Così come la consapevolezza che il Paese, tagliando senza sosta su istruzione e ricerca, si sia avvitato in una spirale dalla quale è impossibile uscire senza spezzare le rendite di posizione, le consorterie, il sindacalismo e il familismo che hanno invaso le università come gli enti lirici. «Serve una rivoluzione sistematica In Italia.
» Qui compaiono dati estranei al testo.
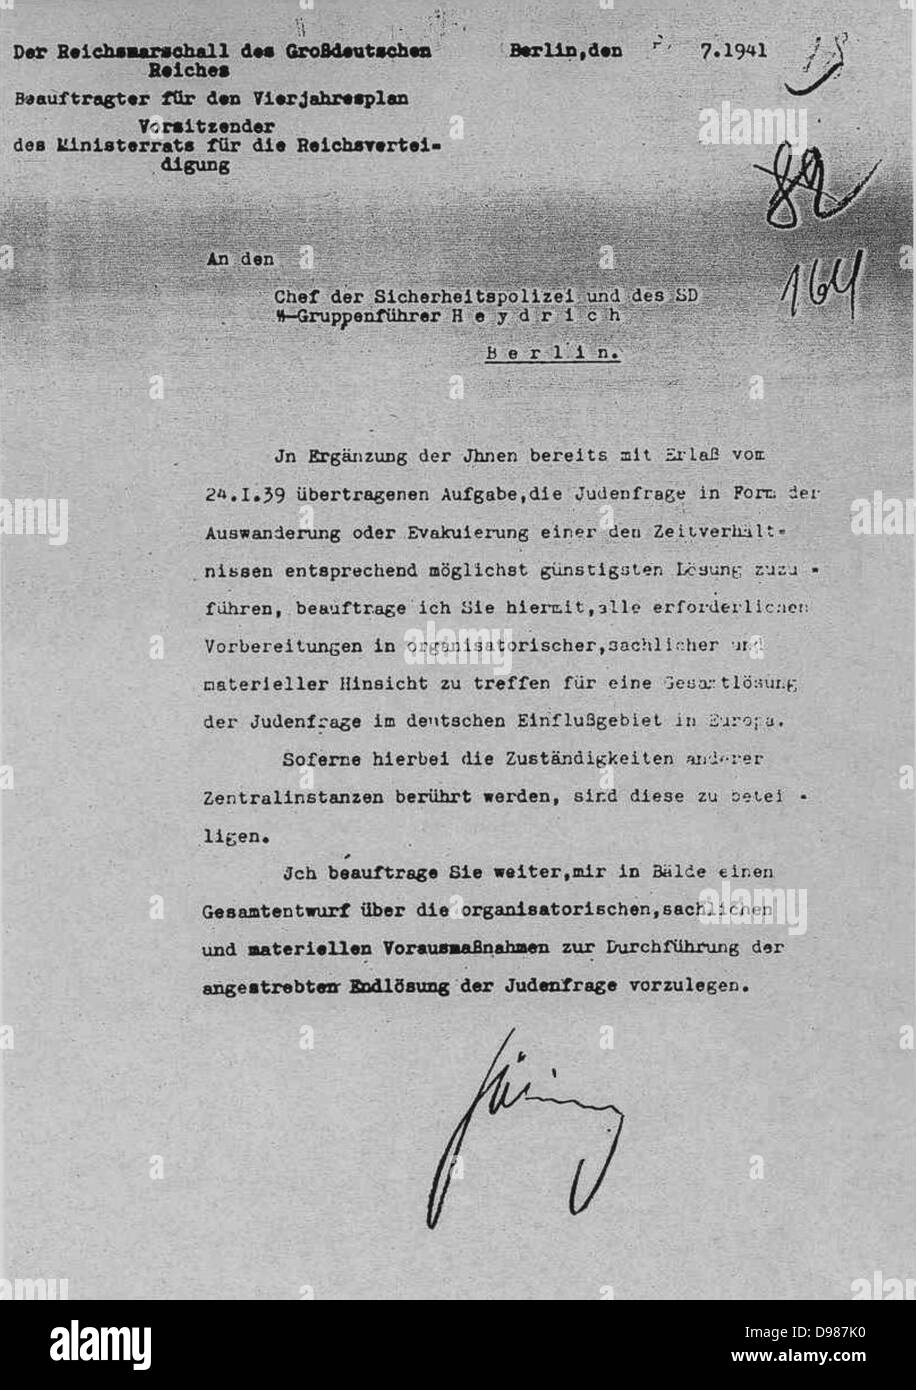 Hermann Göring (Goering) lettera del 31 luglio 1941, a Reinhard Heydrich che autorizza la soluzione finale alla questione ebraica. La Conferenza di Wansee, 20 gennaio 1942 ha informato i dirigenti dei reparti nazisti che si occupano di politiche ebraica che Heydrich era in carica della soluzione finale. Foto Stock

Se lo facciamo diventeremo attrattivi ma non bastano le riforme se non ci sono idee». Per svegliare la parte migliore del Paese, intorpidita e delusa dalla classe politica, Renzi ha bisogno di testimonial e la sei giorni negli Stati Uniti ha l’obiettivo di render ancora più impietosa la fotografia del nostro Paese «attrezzato» di un Parlamento – pagato dai contribuenti – paralizzato e che da settimane si balocca nel non eleggere i giudici costituzionali. Sei giorni, quelli di Renzi negli Usa, iniziati ieri a San Francisco e che proseguiranno oggi a New York e termineranno a Detroit negli stabilimenti di un’azienda, la Fiat, che a modo suo è emigrata vincendo la scommessa nella fusione con Chrysler grazie al sindacato americano Uaw che ha accettato, pur di non veder chiudere la fabbrica, una riduzione del 30% del costo del lavoro, l’aumento dell’orario di lavoro, la riduzione delle pause, il dimezzamento del salario per i nuovi assunti e l’assenza di scioperi fino al 2015.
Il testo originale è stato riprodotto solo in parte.